[Mpls] A poetic response to violence on the North Side of Mpls

Shawn Lewis lewiss at email.com
Tue Mar 15 06:30:32 CST 2005


A poetic response to violence on the North Side of Minneapolis
by Sondra Hollinger Samuels, Community Activist, Mother, Poet 


From my porch, on my predominantly Black, poor, and 
urban block I watch.

I watch the wonderment of the wind giving birth to 
movement yet remaining unseen.

I watch the lightheartedness of birds busily creating 
home structures with twigs and finding perfect perching 
places yet being completely liberated from worry and 
fear about tomorrow.

I watch the silent strength of trees standing sentinel 
over our lives yet never intruding nor being preoccupied 
with what we think of their presence.

I watch and I muse, “Can God use nature to teach us to 
mourn? Cause we need to mourn. We must mourn.”

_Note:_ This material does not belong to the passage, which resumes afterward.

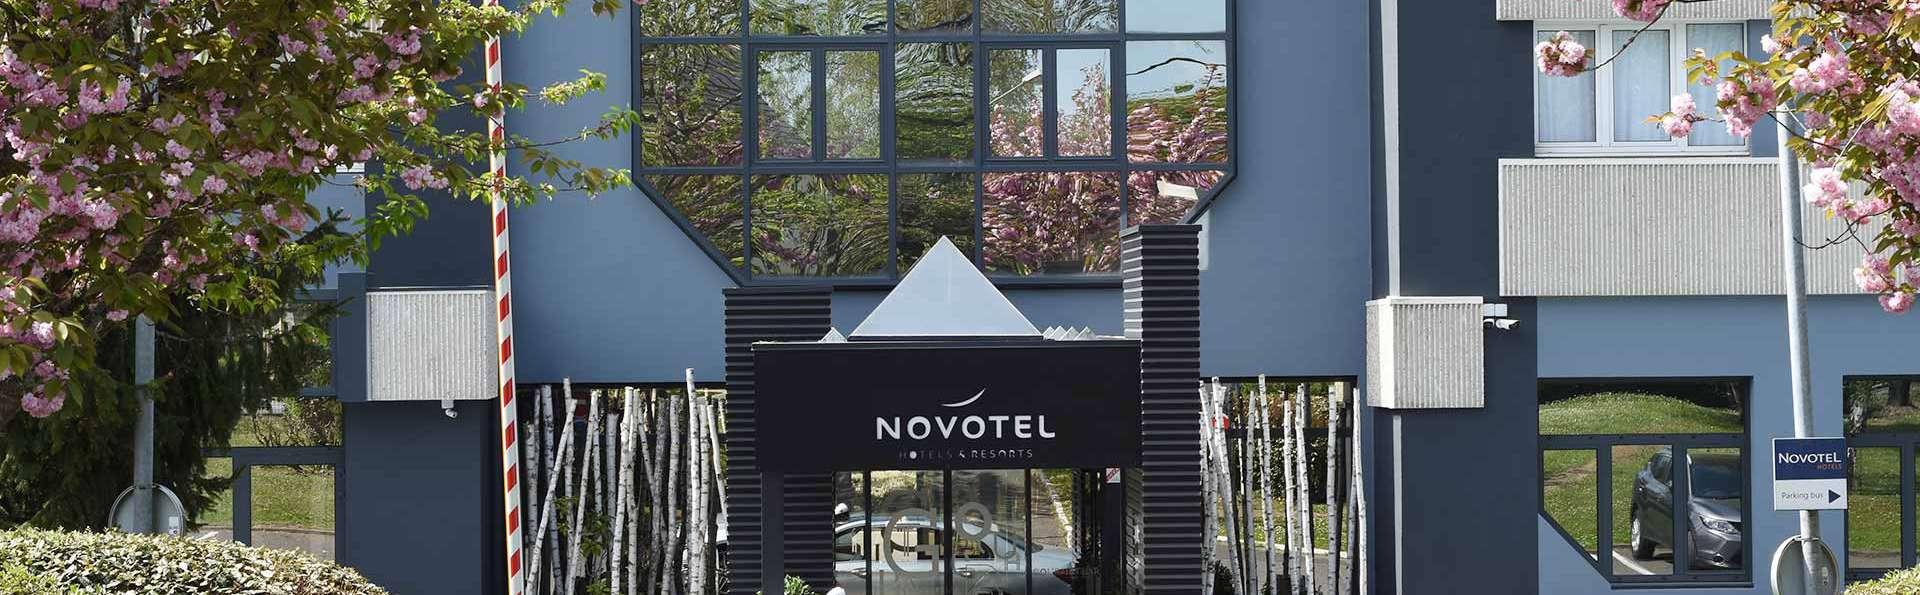 Novotel Orléans Saint-Jean-de-Braye - EDIT_FRONT_01.jpg
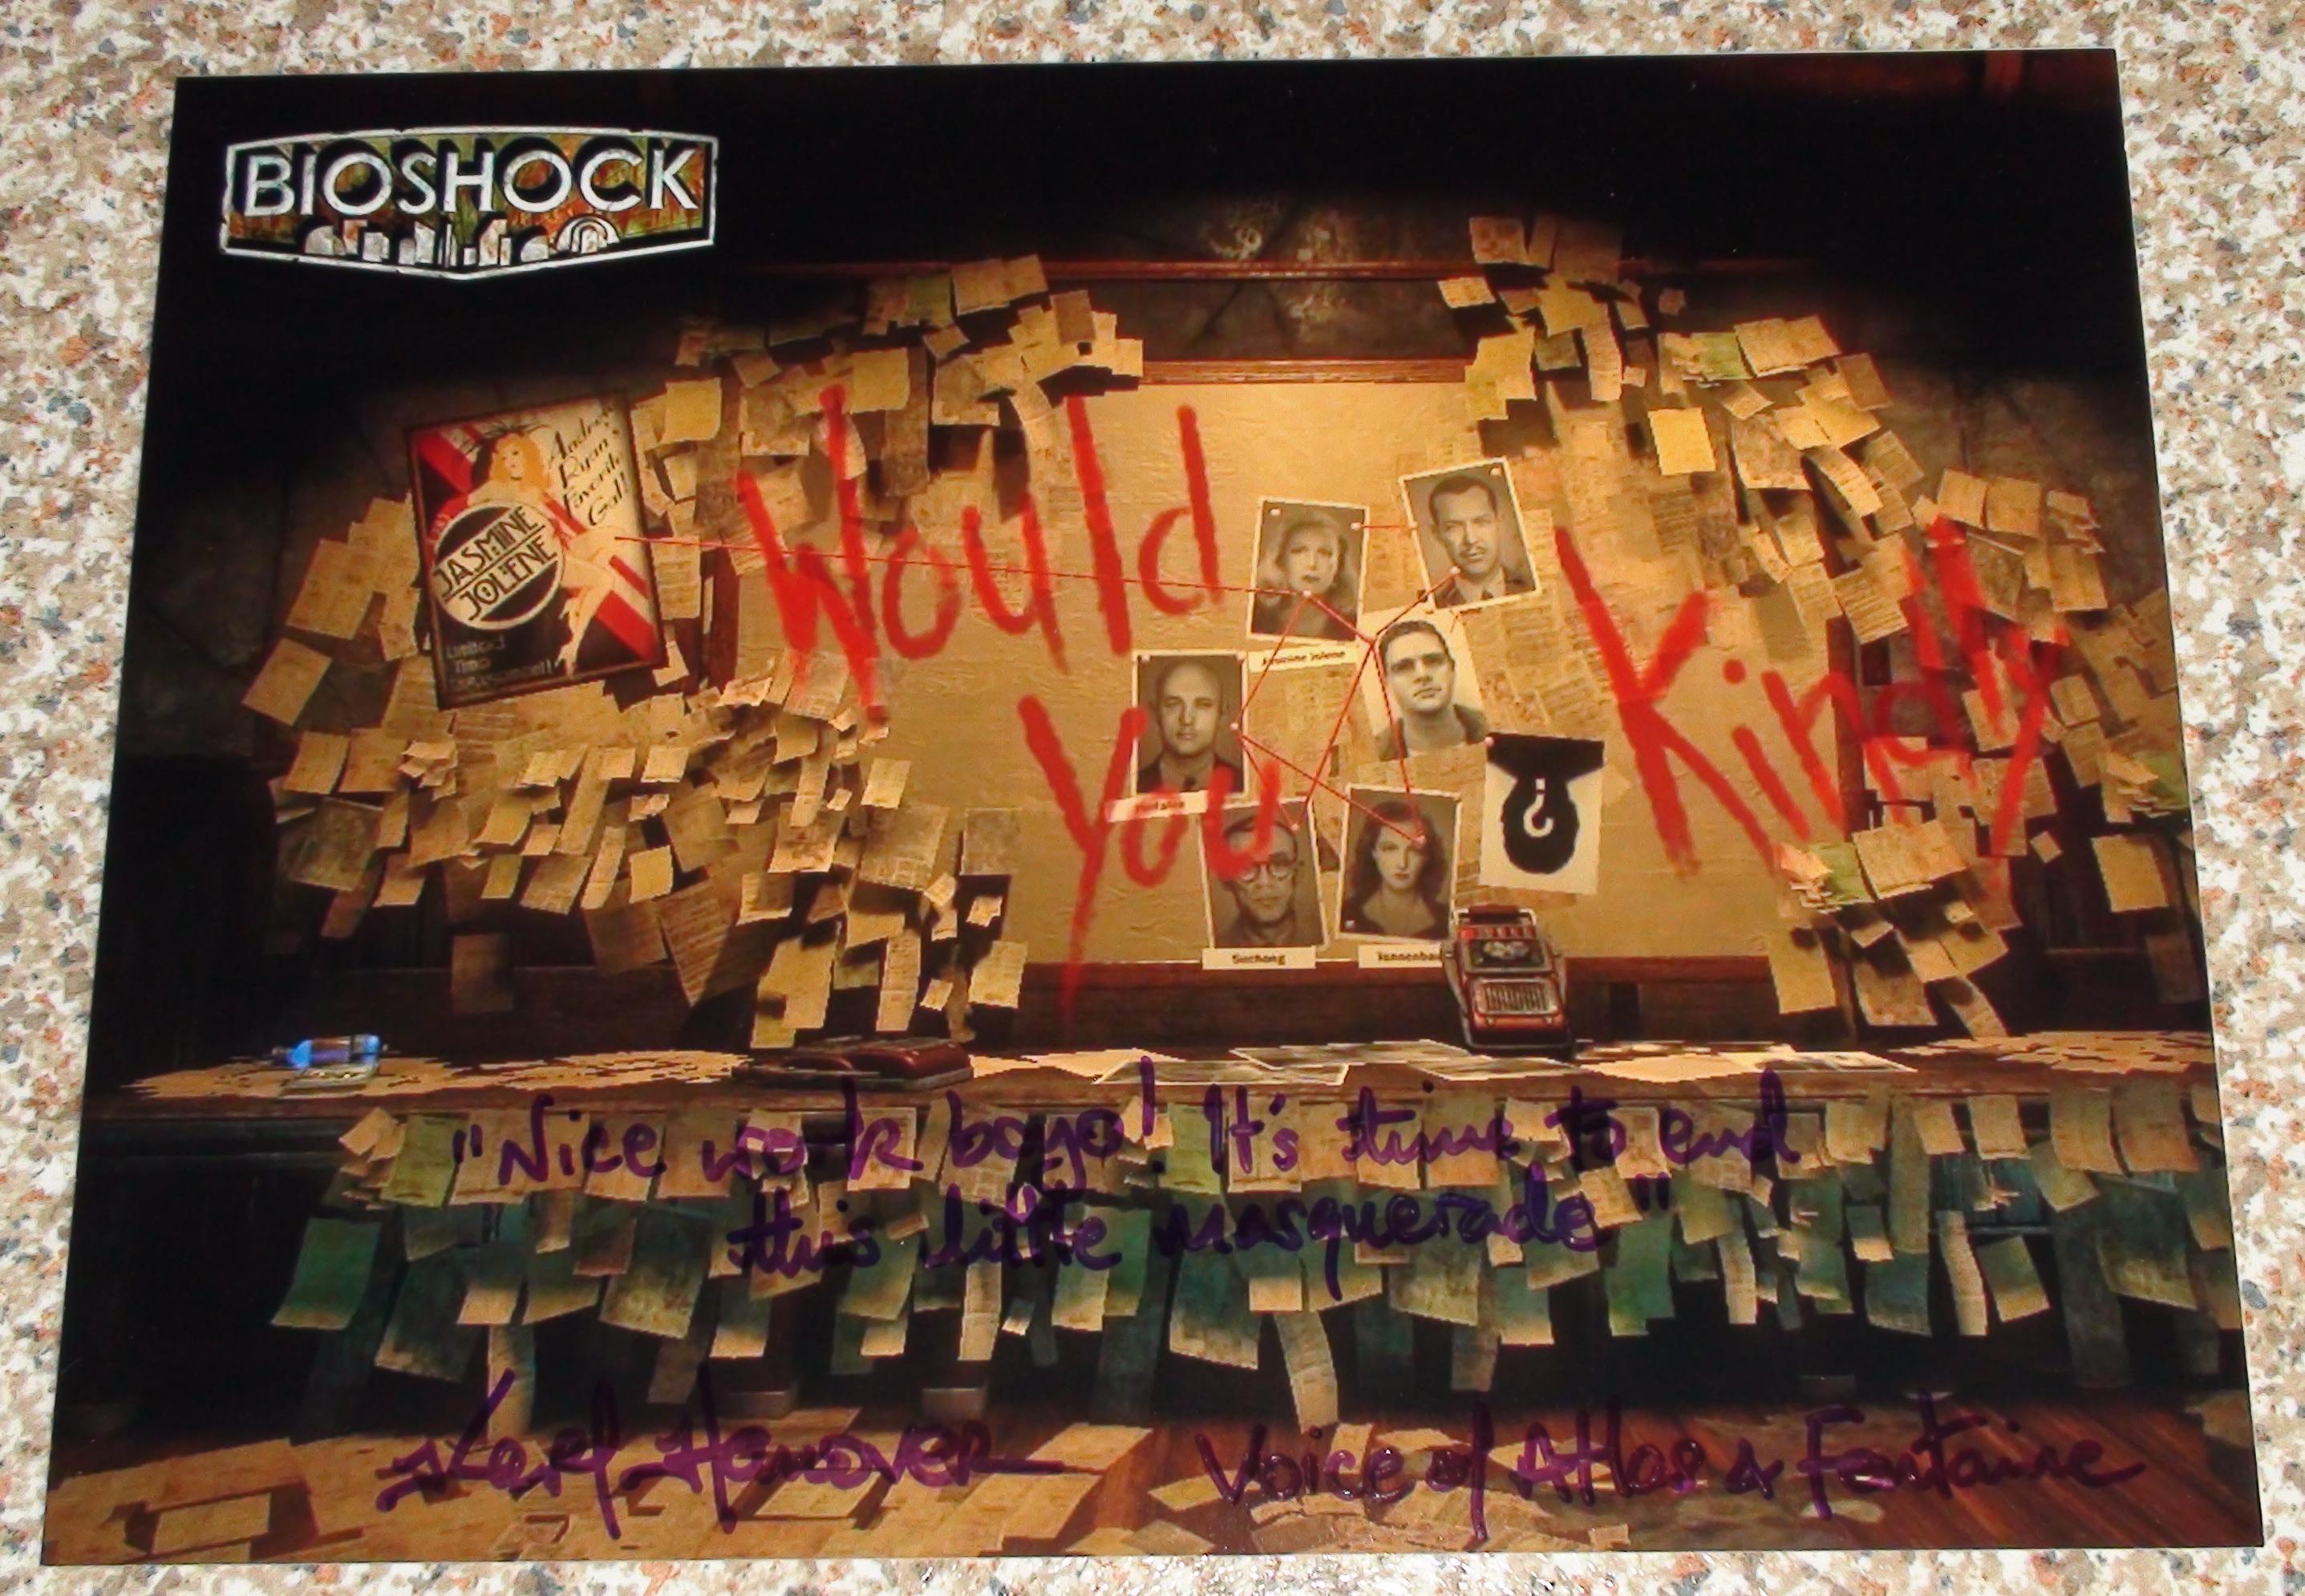 Bioshock - Karl Hanover 1/2

We must mourn because on Friday of last week 
Frank Haynes, age 21, and Raliegh J. Robinson, age 68, 
were gunned down while innocently dinning in a neighborhood 
restaurant. They weren’t together. They just shared the 
wrong space at the wrong time. Both were Black men murdered 
by a Black man. 

We must weep because less than a week before, another 
Black man was shot to death by yet another Black man.

We must cry out because days before that, a different 
Black man was bludgeoned to death by a different Black man.

We must mourn because all of this tragedy was quarantined 
in my predominantly Black, poor, and urban neighborhood 
and it happens in every major city wherever there is a 
bevy of forgotten and despairing Black young men. In our 
urban woods they are hunted and slaughtered by other 
Black young men whom themselves become lost to us for a 
hunting season
sometimes forever.

I watch and I muse, “Can God use nature to teach us to 
mourn? We need to mourn. We must mourn.” 

As an act of perpetual yet ineffectual mourning, some 
of us in the, “hood,” have learned to anesthetize the 
acute ache and suffer the unspokenness of silence. We 
often over-drink, over-eat, over-drug and under-care to 
hide the hole in the soul of our community. This vacuum 
is empty, soiled, and like the earth, deep. And although 
the pain is so intense, so unrelenting, we don’t know how 
to mourn- really mourn-for others-for ourselves-for sustained 
periods of time, over time, so that heaven might hear,
 respond and impregnate the earth with our deliverance. 

Maybe God can use the unfathomable wisdom at work in the 
lives of the wind, birds, and trees to teach us to mourn so 
that the unbroken flow of our salty tears might water the 
earth under our collective feet. 

Maybe our rain of sorrow can feed the soil producing a 
flowering of hopefulness, beauty and unbounded new life. 

Maybe then it will be springtime in our community, our city, 
and from nature we will have learned to mourn and as a result 
to reap a great and precious bounty.